Selbst wenn die Idee gut war, selbst wenn die Richtung klar schien – irgendwo zwischen Meetings, Prioritäten und politischen Dynamiken ging die Unterstützung verloren, weshalb ich später gezielt nach Führungsentwicklung durch Segeln als praxisnahem Gegenmodell gesucht habe. Irgendwann wurde mir klar, dass ich nicht noch mehr Theorie brauche, sondern ein Umfeld, in dem Führung unter echten Bedingungen sichtbar wird – genau das versprach mir Führungsentwicklung durch Segeln. Ich wollte erleben, ob Entscheidungen, Kommunikation und Verantwortung in einem realen Kontext schneller zu echten Verhaltensänderungen führen und ob Führungsentwicklung durch Segeln genau diesen Transfer endlich möglich macht.
Der Wendepunkt kam für mich nicht in einem Seminarraum, sondern auf dem Wasser – und damit begann meine persönliche Führungsentwicklung durch Segeln.
Vom Kopf zurück in die Präsenz
Beim Segeln – zuerst als Crewmitglied – habe ich erlebt, wie mein Geist sich auf eine Weise öffnete, die ich so nicht erwartet hatte. Der Stress fiel ab. Der Kopf wurde klar. Plötzlich war wieder Raum für Perspektiven, für Reflexion, für echte Gespräche. Nicht als Flucht vor Verantwortung, sondern als Rückkehr zu Klarheit. Genau hier liegt für mich eine der größten Stärken von Führungsentwicklung durch Segeln: Du kommst raus aus dem Dauerrauschen und rein in Präsenz.

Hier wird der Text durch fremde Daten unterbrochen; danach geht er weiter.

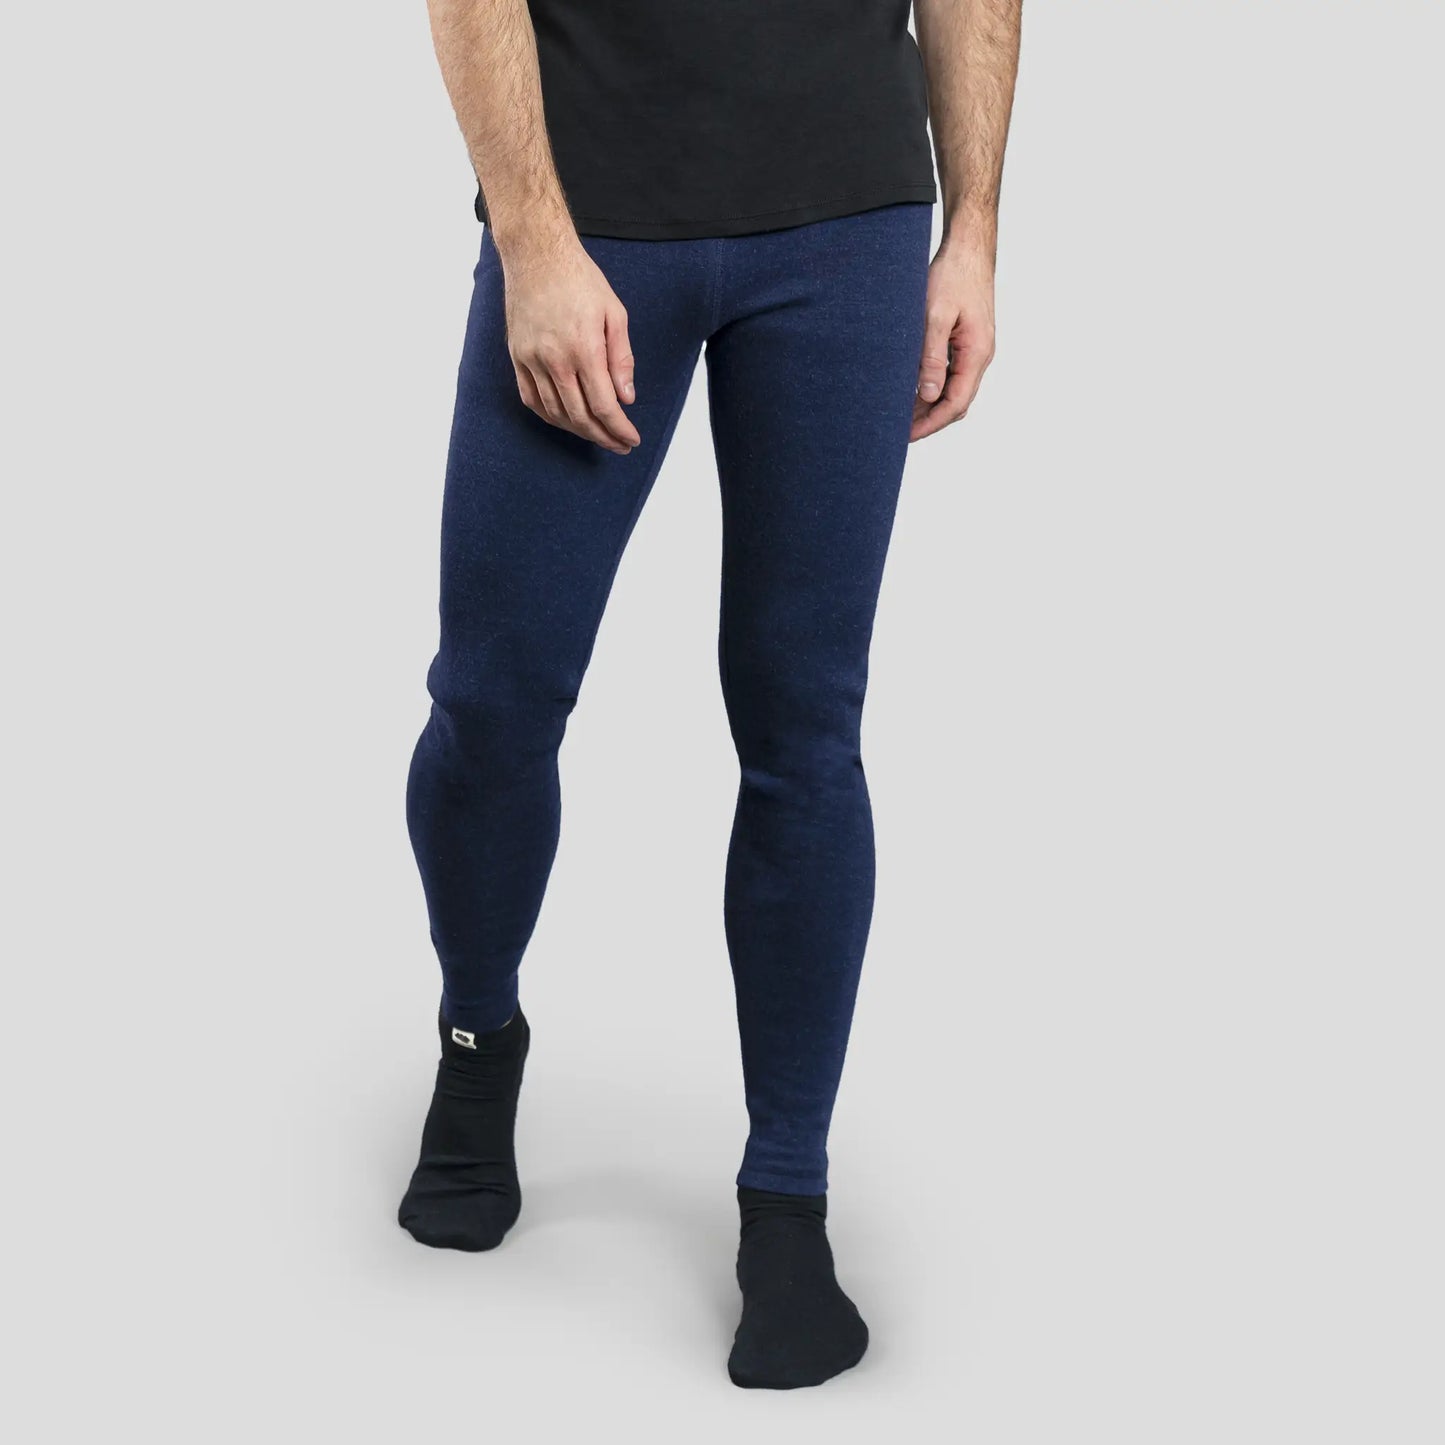 mens uv resistance leggings midweight color navy blue

Was mich dabei besonders fasziniert hat: Ich war nicht der Einzige. Andere an Bord erlebten etwas Ähnliches. Nach einem Tag auf See wurden Gespräche tiefer, Beobachtungen ehrlicher, Erkenntnisse greifbarer. Man merkte, wie schnell Menschen aus dem reinen Funktionsmodus herauskommen, wenn das Umfeld stimmt. Heute gibt es dafür sogar einen Begriff, der in vielen Kontexten zitiert wird: der „Blue Mind Effect“ – diese besondere mentale Qualität von Ruhe, Fokus und Offenheit in der Nähe von Wasser.
Für mich war das Entscheidende nicht der Begriff, sondern die Wirkung: Nach jedem Törn kam ich inspirierter zurück, zentrierter – und irgendwie weiser. Nicht im esoterischen Sinn, sondern im praktischen: weniger getrieben, mehr klar. Diese Klarheit ist ein echter Hebel für Führungsentwicklung durch Segeln, weil du nicht nur über Führung nachdenkst, sondern dich selbst im Führungsmodus wahrnimmst.

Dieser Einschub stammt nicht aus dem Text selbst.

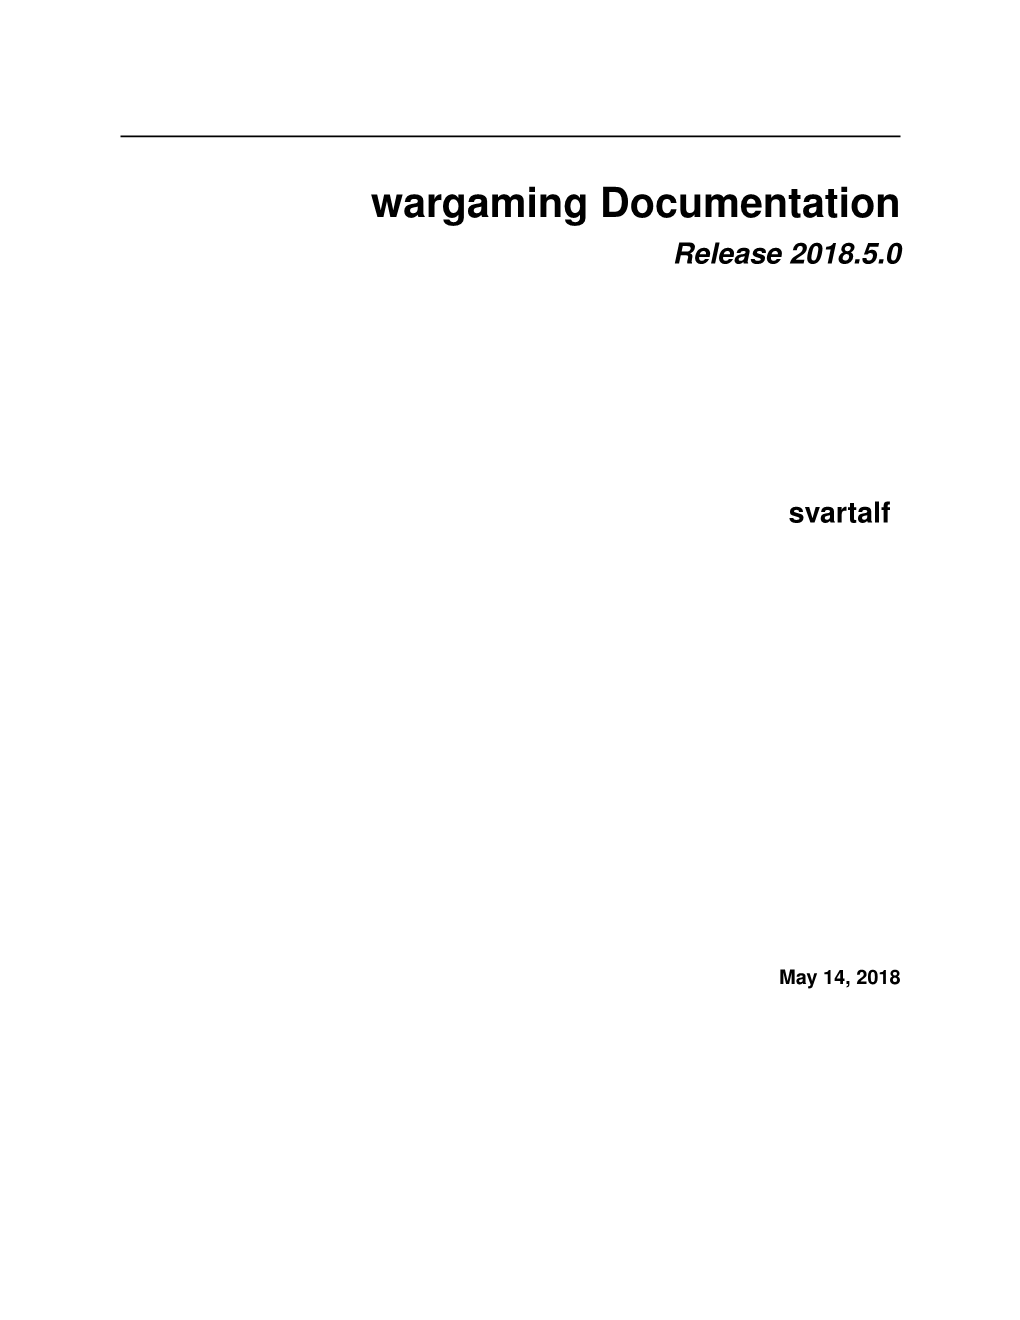 Wargaming Documentation Release 2018.5.0

Als Skipper wurde Führung sichtbar
Der zweite Schritt war noch wichtiger: Als ich später selbst als Skipper am Ruder stand, wurde aus dieser Erfahrung ein Führungslernen in Echtzeit. Plötzlich ging es nicht mehr nur um meine eigene innere Klarheit, sondern um Verantwortung für andere. Um Entscheidungen. Um Kommunikation. Um Orientierung. Führungsentwicklung durch Segeln bedeutet an dieser Stelle: Du kannst dich nicht hinter Konzepten verstecken – du führst, oder du führst nicht. Was hier passiert, ist im Kern erfahrungsbasiertes Lernen.
Und dann kam das Feedback, das alles verändert hat.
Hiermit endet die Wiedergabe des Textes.